Banzai Accelerates Entrepreneurs’ Alternatives to Drive and Observe ROI With Participating Dwell and On-Demand Video Experiences
Recurring Income Mannequin, Excessive Revenue Margins and Important Working Leverage Mixed With Speedy Progress
Estimated Put up-Transaction Enterprise Worth of $380 Million With Roughly $207 Million in Web Money, Assuming No Redemptions of VII Public Shares
Dedicated Fairness Facility of $100 Million From GEM to Opportunistically Help the Mixed Firm Put up-Shut

SEATTLE, WA and SAN FRANCISCO, CA – December 8, 2022 – Banzai Worldwide, Inc. (“Banzai” or the “Firm”), a number one end-to-end video engagement platform for advertising and 7GC & Co. Holdings Inc. (NASDAQ: VII) (“VII”), a publicly-traded particular objective acquisition firm, introduced in the present day they’ve entered right into a definitive enterprise mixture settlement that can lead to Banzai turning into a publicly traded firm.

Upon closing of the proposed transaction, the mixed firm shall be named Banzai Worldwide, Inc. and is predicted to commerce on the Nasdaq Capital Market.

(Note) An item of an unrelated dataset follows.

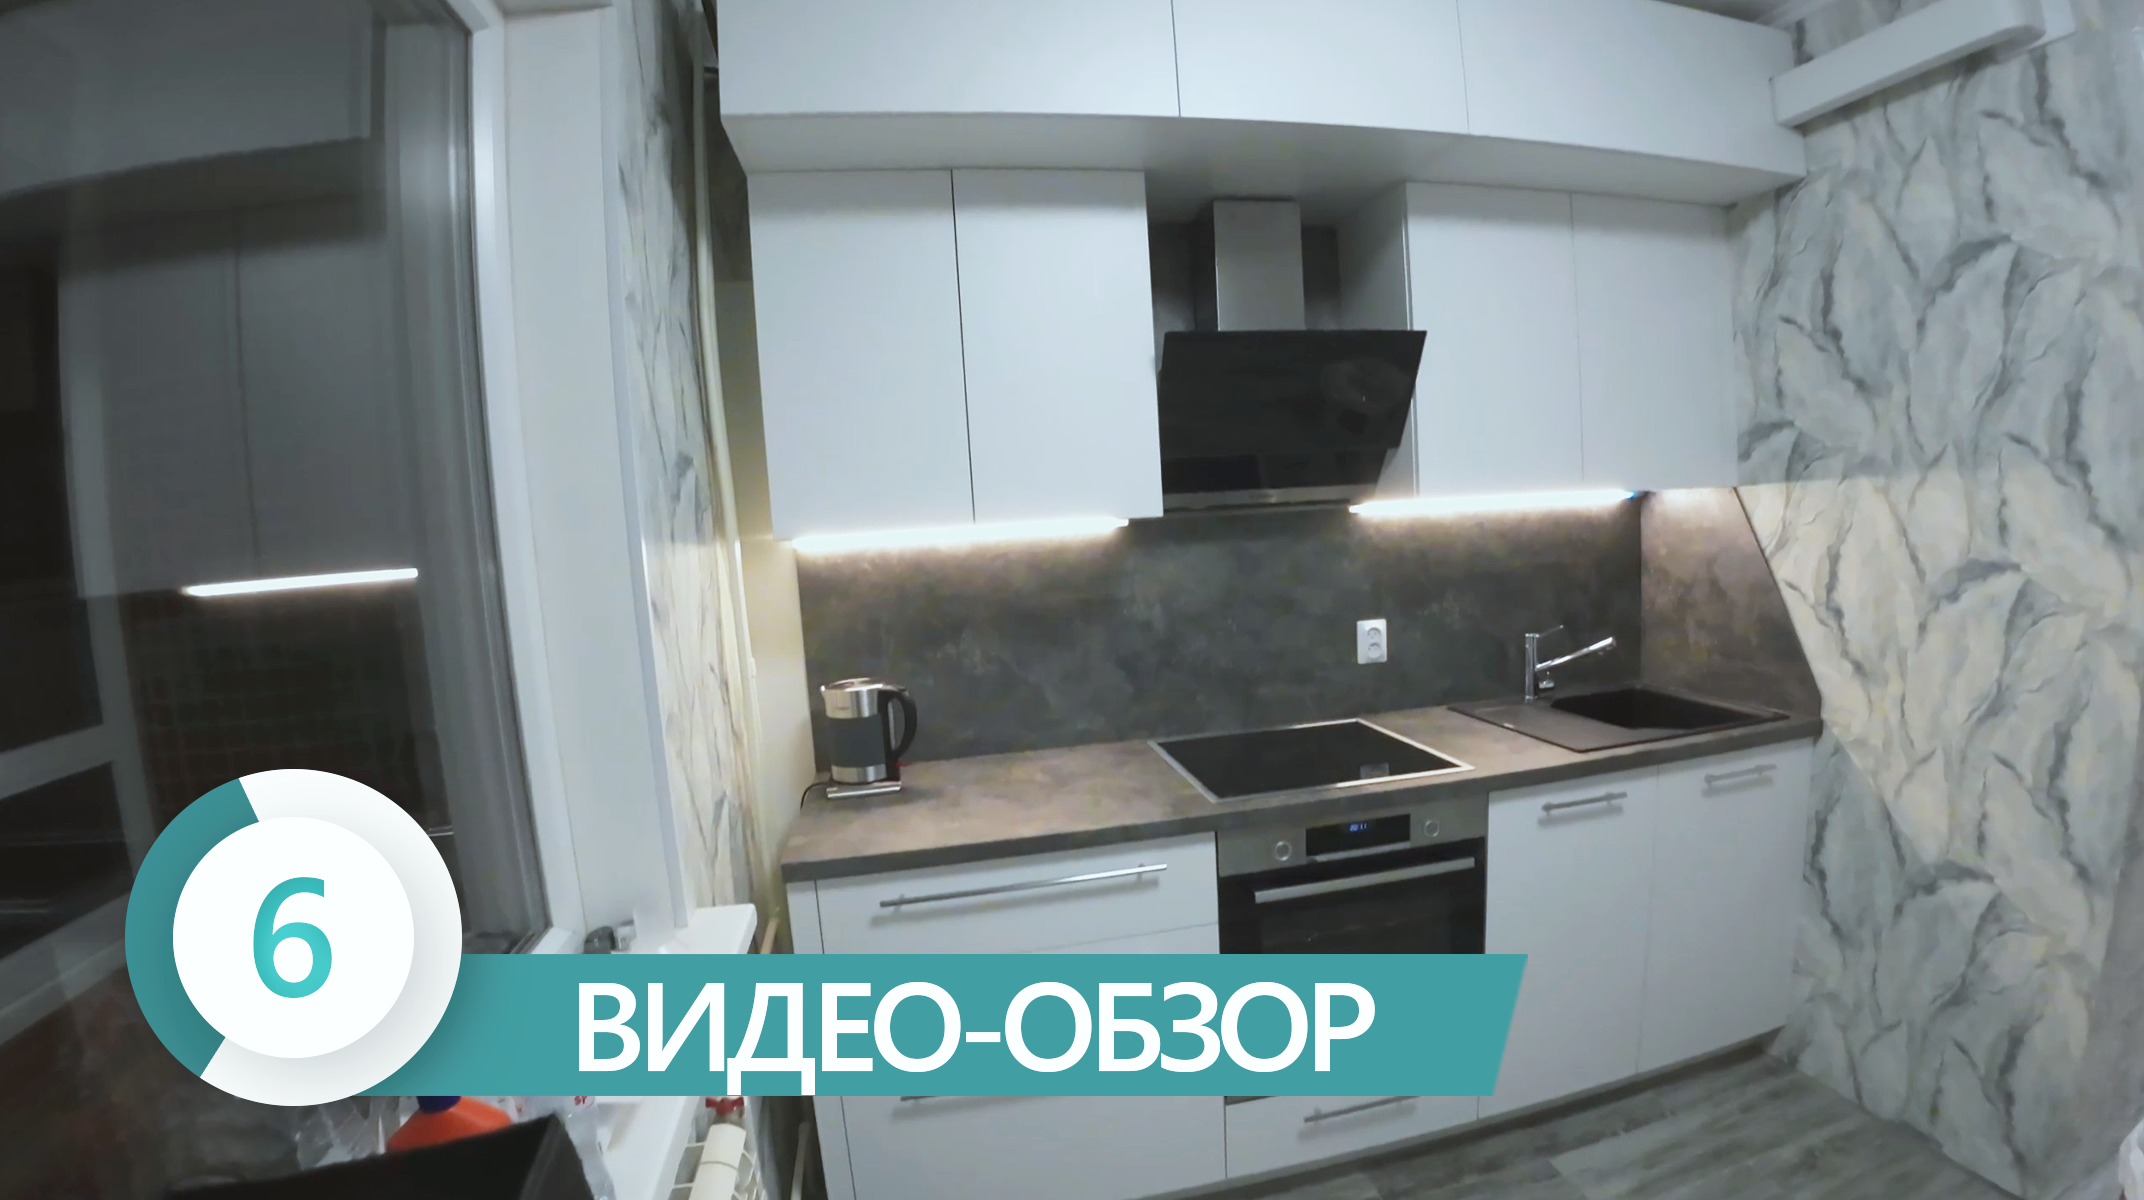 Видео обзор №6 Кухня СПб проспект Энтузиастов

Banzai is an end-to-end video engagement answer that gives a quick, intuitive and highly effective platform of promoting instruments that create extra intent-driven movies, webinars digital occasions, and different digital advertising campaigns. By way of Banzai’s full-stack expertise, entrepreneurs can leverage dwell and automatic, no-download internet hosting (by way of Demio) and multi-channel focused viewers acquisition (by way of Attain) to bolster engagement and ROI. Banzai permits over 7,000 Mixed with Hyros as of Q3 2022. Consists of buyer overlap with Banzai and Hyros current buyer base advertising groups to create profitable webinars and digital occasions that improve advertising effectivity and drive further income.

Acquisition of Hyros

Banzai and Hyros Inc (“Hyros”) have additionally entered right into a merger settlement, the place instantly previous to the closing of the proposed transaction between Banzai and VII, Banzai will purchase Hyros for about $110 million (topic to customary and negotiated changes) in a primarily inventory transaction. Hyros’ energy is rising income attribution for digital entrepreneurs, serving to enterprise and SMB clients get correct gross sales and advertising knowledge that they will leverage into making higher ROI selections. The acquisition is predicted to reinforce Banzai’s position as a full-stack advertising expertise platform, develop its whole addressable market and speed up its long-term income progress and operational effectivity.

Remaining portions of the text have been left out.